• DIRECTIONS FOR THIS TASK:
Your answer should be the full set of records, printed exactly as they stand.

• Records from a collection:
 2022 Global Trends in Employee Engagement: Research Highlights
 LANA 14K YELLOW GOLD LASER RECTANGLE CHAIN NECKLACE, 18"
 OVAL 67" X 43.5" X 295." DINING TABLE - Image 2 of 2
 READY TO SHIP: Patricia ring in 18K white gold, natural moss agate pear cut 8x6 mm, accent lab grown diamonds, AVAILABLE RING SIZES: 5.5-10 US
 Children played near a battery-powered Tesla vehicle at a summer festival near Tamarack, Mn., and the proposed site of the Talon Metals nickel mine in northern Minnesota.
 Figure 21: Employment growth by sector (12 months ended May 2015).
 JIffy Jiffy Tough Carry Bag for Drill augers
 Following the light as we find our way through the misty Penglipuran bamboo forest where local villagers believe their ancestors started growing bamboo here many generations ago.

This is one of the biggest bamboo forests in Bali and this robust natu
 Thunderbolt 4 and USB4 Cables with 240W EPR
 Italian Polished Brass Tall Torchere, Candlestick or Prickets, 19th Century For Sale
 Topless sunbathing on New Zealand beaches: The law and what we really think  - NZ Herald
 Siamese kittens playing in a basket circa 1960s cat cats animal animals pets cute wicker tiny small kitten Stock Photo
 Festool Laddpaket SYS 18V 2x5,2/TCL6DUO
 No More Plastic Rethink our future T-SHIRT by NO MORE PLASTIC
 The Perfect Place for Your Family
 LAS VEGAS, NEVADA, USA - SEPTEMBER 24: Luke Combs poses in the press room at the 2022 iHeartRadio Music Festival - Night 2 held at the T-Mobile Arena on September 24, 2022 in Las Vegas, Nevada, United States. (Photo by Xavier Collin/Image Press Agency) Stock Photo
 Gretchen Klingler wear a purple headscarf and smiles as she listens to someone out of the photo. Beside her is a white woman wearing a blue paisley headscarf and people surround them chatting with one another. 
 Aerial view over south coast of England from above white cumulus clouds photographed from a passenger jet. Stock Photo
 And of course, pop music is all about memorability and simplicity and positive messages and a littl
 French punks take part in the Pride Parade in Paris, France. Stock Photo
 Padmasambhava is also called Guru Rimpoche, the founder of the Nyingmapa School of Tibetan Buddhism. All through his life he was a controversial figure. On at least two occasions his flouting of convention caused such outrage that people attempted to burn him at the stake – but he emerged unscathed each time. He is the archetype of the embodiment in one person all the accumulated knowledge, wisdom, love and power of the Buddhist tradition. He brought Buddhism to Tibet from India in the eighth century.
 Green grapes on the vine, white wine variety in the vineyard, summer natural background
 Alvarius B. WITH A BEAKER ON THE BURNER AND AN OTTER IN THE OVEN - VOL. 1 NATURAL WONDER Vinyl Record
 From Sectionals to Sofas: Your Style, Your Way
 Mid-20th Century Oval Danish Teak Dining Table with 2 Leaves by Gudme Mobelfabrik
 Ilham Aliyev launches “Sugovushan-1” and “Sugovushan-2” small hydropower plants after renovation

• RESPONSE TO THIS TASK:
 2022 Global Trends in Employee Engagement: Research Highlights
 LANA 14K YELLOW GOLD LASER RECTANGLE CHAIN NECKLACE, 18"
 OVAL 67" X 43.5" X 295." DINING TABLE - Image 2 of 2
 READY TO SHIP: Patricia ring in 18K white gold, natural moss agate pear cut 8x6 mm, accent lab grown diamonds, AVAILABLE RING SIZES: 5.5-10 US
 Children played near a battery-powered Tesla vehicle at a summer festival near Tamarack, Mn., and the proposed site of the Talon Metals nickel mine in northern Minnesota.
 Figure 21: Employment growth by sector (12 months ended May 2015).
 JIffy Jiffy Tough Carry Bag for Drill augers
 Following the light as we find our way through the misty Penglipuran bamboo forest where local villagers believe their ancestors started growing bamboo here many generations ago.

This is one of the biggest bamboo forests in Bali and this robust natu
 Thunderbolt 4 and USB4 Cables with 240W EPR
 Italian Polished Brass Tall Torchere, Candlestick or Prickets, 19th Century For Sale
 Topless sunbathing on New Zealand beaches: The law and what we really think  - NZ Herald
 Siamese kittens playing in a basket circa 1960s cat cats animal animals pets cute wicker tiny small kitten Stock Photo
 Festool Laddpaket SYS 18V 2x5,2/TCL6DUO
 No More Plastic Rethink our future T-SHIRT by NO MORE PLASTIC
 The Perfect Place for Your Family
 LAS VEGAS, NEVADA, USA - SEPTEMBER 24: Luke Combs poses in the press room at the 2022 iHeartRadio Music Festival - Night 2 held at the T-Mobile Arena on September 24, 2022 in Las Vegas, Nevada, United States. (Photo by Xavier Collin/Image Press Agency) Stock Photo
 Gretchen Klingler wear a purple headscarf and smiles as she listens to someone out of the photo. Beside her is a white woman wearing a blue paisley headscarf and people surround them chatting with one another. 
 Aerial view over south coast of England from above white cumulus clouds photographed from a passenger jet. Stock Photo
 And of course, pop music is all about memorability and simplicity and positive messages and a littl
 French punks take part in the Pride Parade in Paris, France. Stock Photo
 Padmasambhava is also called Guru Rimpoche, the founder of the Nyingmapa School of Tibetan Buddhism. All through his life he was a controversial figure. On at least two occasions his flouting of convention caused such outrage that people attempted to burn him at the stake – but he emerged unscathed each time. He is the archetype of the embodiment in one person all the accumulated knowledge, wisdom, love and power of the Buddhist tradition. He brought Buddhism to Tibet from India in the eighth century.
 Green grapes on the vine, white wine variety in the vineyard, summer natural background
 Alvarius B. WITH A BEAKER ON THE BURNER AND AN OTTER IN THE OVEN - VOL. 1 NATURAL WONDER Vinyl Record
 From Sectionals to Sofas: Your Style, Your Way
 Mid-20th Century Oval Danish Teak Dining Table with 2 Leaves by Gudme Mobelfabrik
 Ilham Aliyev launches “Sugovushan-1” and “Sugovushan-2” small hydropower plants after renovation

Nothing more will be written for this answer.